Nasr Samih H, Dogan Ahmet, Larsen Christopher P
Department of Laboratory Medicine and Pathology, Mayo Clinic, Rochester, Minnesota;
Department of Pathology, Memorial Sloan-Kettering Cancer Center, New York, New York; and.
Clin J Am Soc Nephrol. 2015 Nov 6;10(11):2084-93. doi: 10.2215/CJN.12551214. Epub 2015 Apr 14.
Amyloidosis derived from leukocyte cell-derived chemotaxin 2 is a recently recognized form of amyloidosis, and it has already been established as a frequent form of systemic amyloidosis in the United States, with predominant involvement of kidney and liver.
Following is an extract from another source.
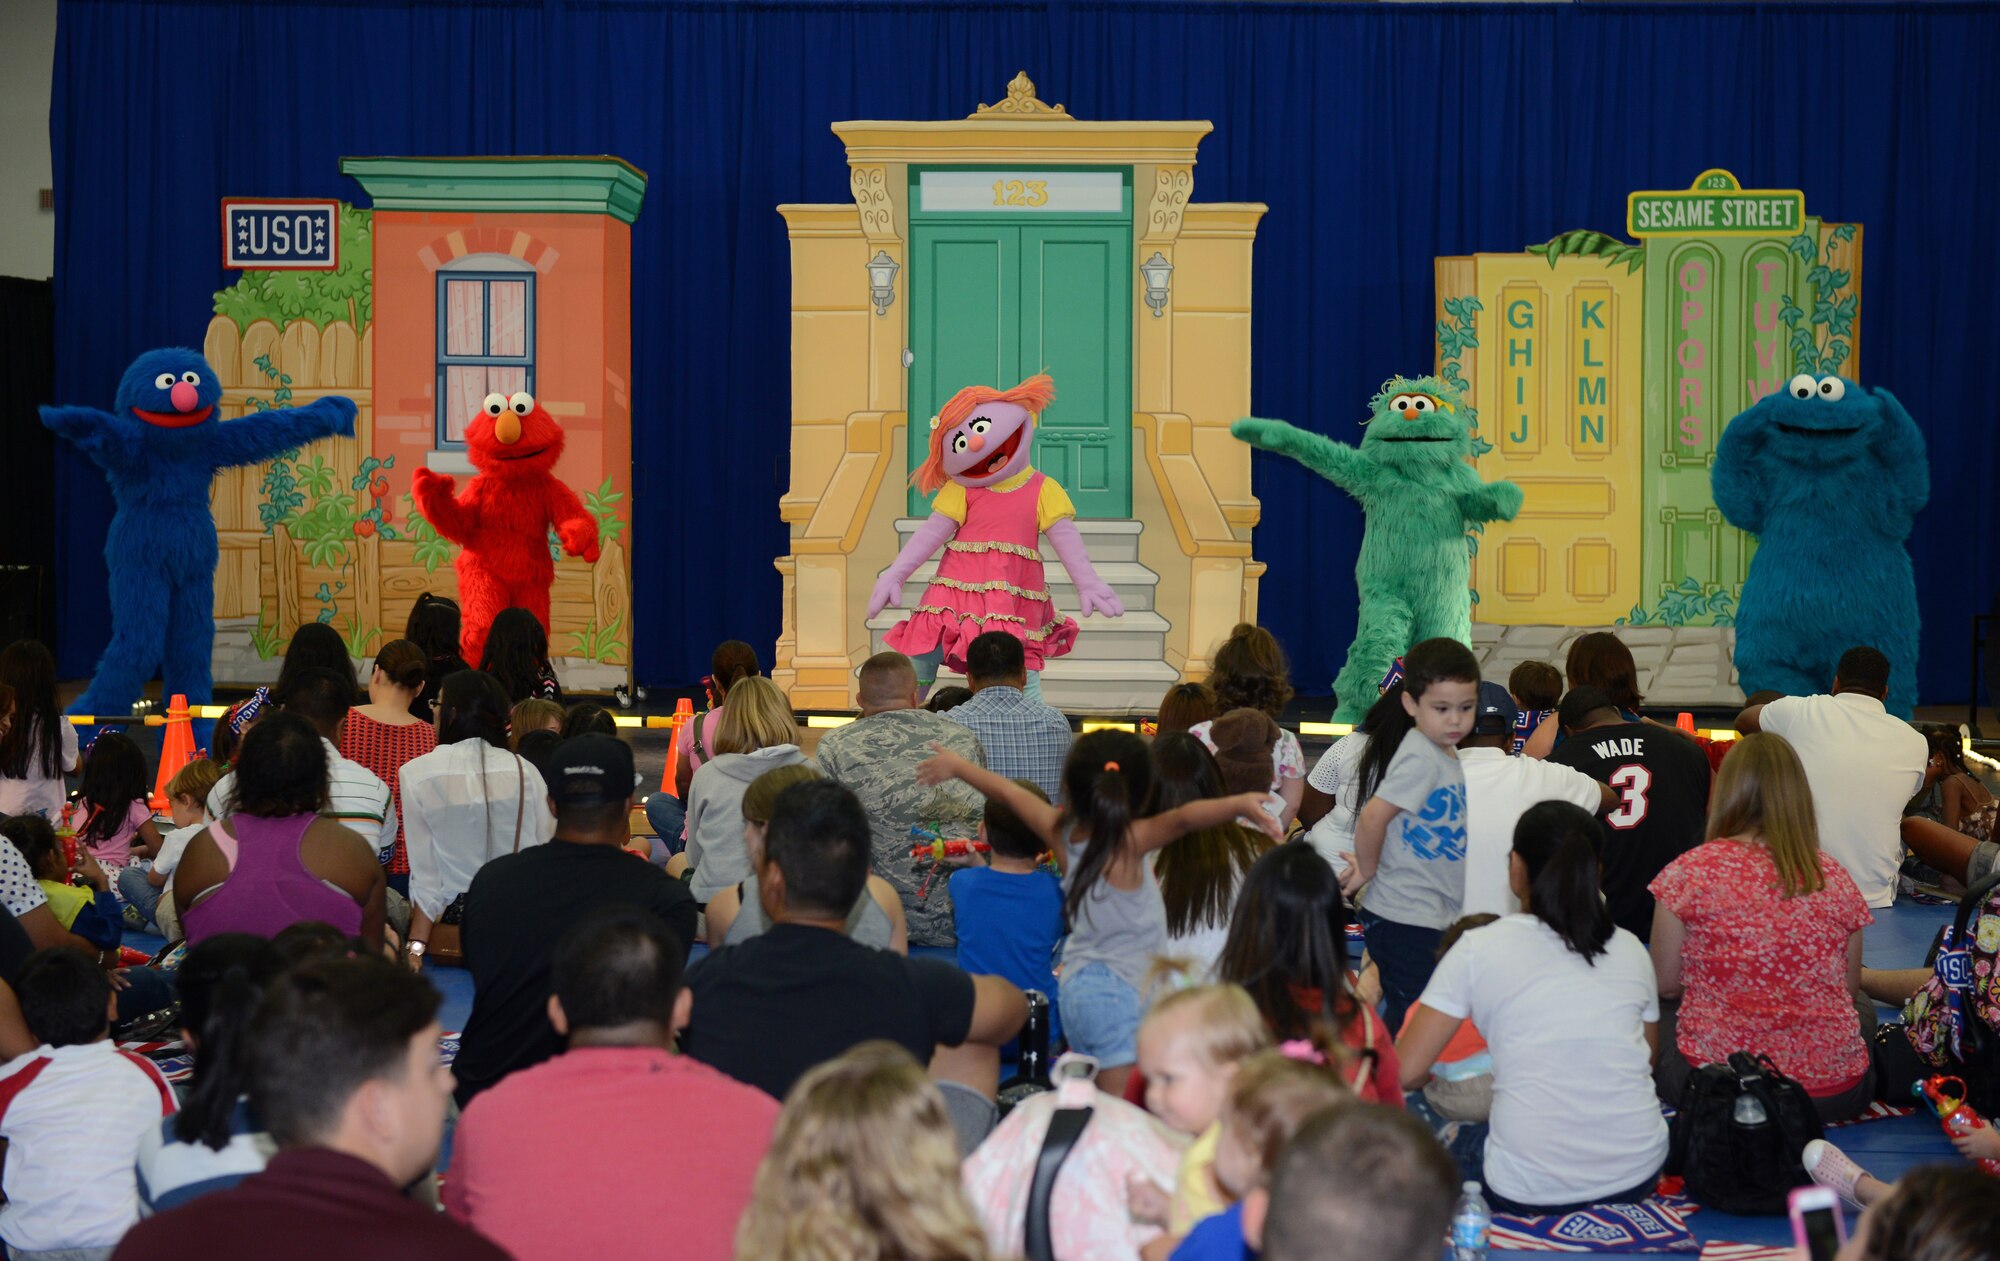 Characters from Sesame Street perform for military families during the Sesame Street United Service Organizations Experience for Military Families tour Sept. 19, 2015, on Andersen Air Force Base, Guam. The cast is scheduled to perform at more than 100 shows at 45 military bases in 9 countries this year. (U.S. Air Force photo by Airman 1st Class Arielle Vasquez/Released)

The disease has a strong ethnic bias, affecting mainly Hispanics (particularly Mexicans). Additional ethnic groups prone to develop amyloidosis derived from leukocyte cell-derived chemotaxin 2 include Punjabis, First Nations people in British Columbia, and Native Americans. Most patients are elderly who present with chronic renal insufficiency and bland urinary sediment. Proteinuria is variable, being absent altogether in about one third of patients. Liver involvement is frequently an incidental finding. Amyloidosis derived from leukocyte cell-derived chemotaxin 2 deposits shows a characteristic distribution: in the kidney, there is consistent involvement of cortical interstitium, whereas in the liver, there is a preferential involvement of periportal and pericentral vein regions. Concurrent renal disease is frequent, with diabetic nephropathy and IgA nephropathy being the most common. Patient survival is excellent, likely because of the rarity of cardiac involvement, whereas renal survival is guarded, with a median renal survival of 62 months in those without concurrent renal disease. There is currently no efficacious therapy for amyloidosis derived from leukocyte cell-derived chemotaxin 2 amyloidosis. Renal transplantation seems to be a reasonable treatment for patients with advanced renal failure, although the disease may recur in the allograft. The pathogenesis of amyloidosis derived from leukocyte cell-derived chemotaxin 2 amyloidosis has not yet been elucidated. It could be a result of leukocyte cell-derived chemotaxin 2 overexpression by hepatocytes either constitutively (controlled by yet-uncharacterized genetic defects) or secondary to hepatocellular damage. It is critical not to misdiagnose amyloidosis derived from leukocyte cell-derived chemotaxin 2 amyloidosis as Ig light chain-derived amyloidosis to avoid harmful chemotherapy.
源自白细胞衍生趋化因子2的淀粉样变性是一种最近才被认识的淀粉样变性形式,在美国它已被确认为全身性淀粉样变性的常见形式,主要累及肾脏和肝脏。该病具有强烈的种族倾向,主要影响西班牙裔(尤其是墨西哥人)。其他易患源自白细胞衍生趋化因子2的淀粉样变性的种族群体包括旁遮普人、不列颠哥伦比亚省的原住民和美洲原住民。大多数患者为老年人,表现为慢性肾功能不全和尿沉渣正常。蛋白尿情况不一,约三分之一的患者完全没有蛋白尿。肝脏受累常常是偶然发现。源自白细胞衍生趋化因子2的淀粉样变性沉积物有特征性分布:在肾脏,皮质间质始终受累,而在肝脏,门周和中央静脉区域优先受累。并发肾脏疾病很常见,糖尿病肾病和IgA肾病最为常见。患者生存率良好,可能是因为心脏受累罕见,而肾脏生存率情况不明,无并发肾脏疾病者的肾脏中位生存时间为62个月。目前对于源自白细胞衍生趋化因子2的淀粉样变性没有有效的治疗方法。肾移植似乎是晚期肾衰竭患者的合理治疗方法,尽管该病可能在同种异体移植中复发。源自白细胞衍生趋化因子2的淀粉样变性的发病机制尚未阐明。它可能是由于肝细胞组成性地(由尚未明确的基因缺陷控制)或继发于肝细胞损伤而导致白细胞衍生趋化因子2过度表达的结果。至关重要的是,不要将源自白细胞衍生趋化因子2的淀粉样变性误诊为Ig轻链衍生的淀粉样变性,以免进行有害的化疗。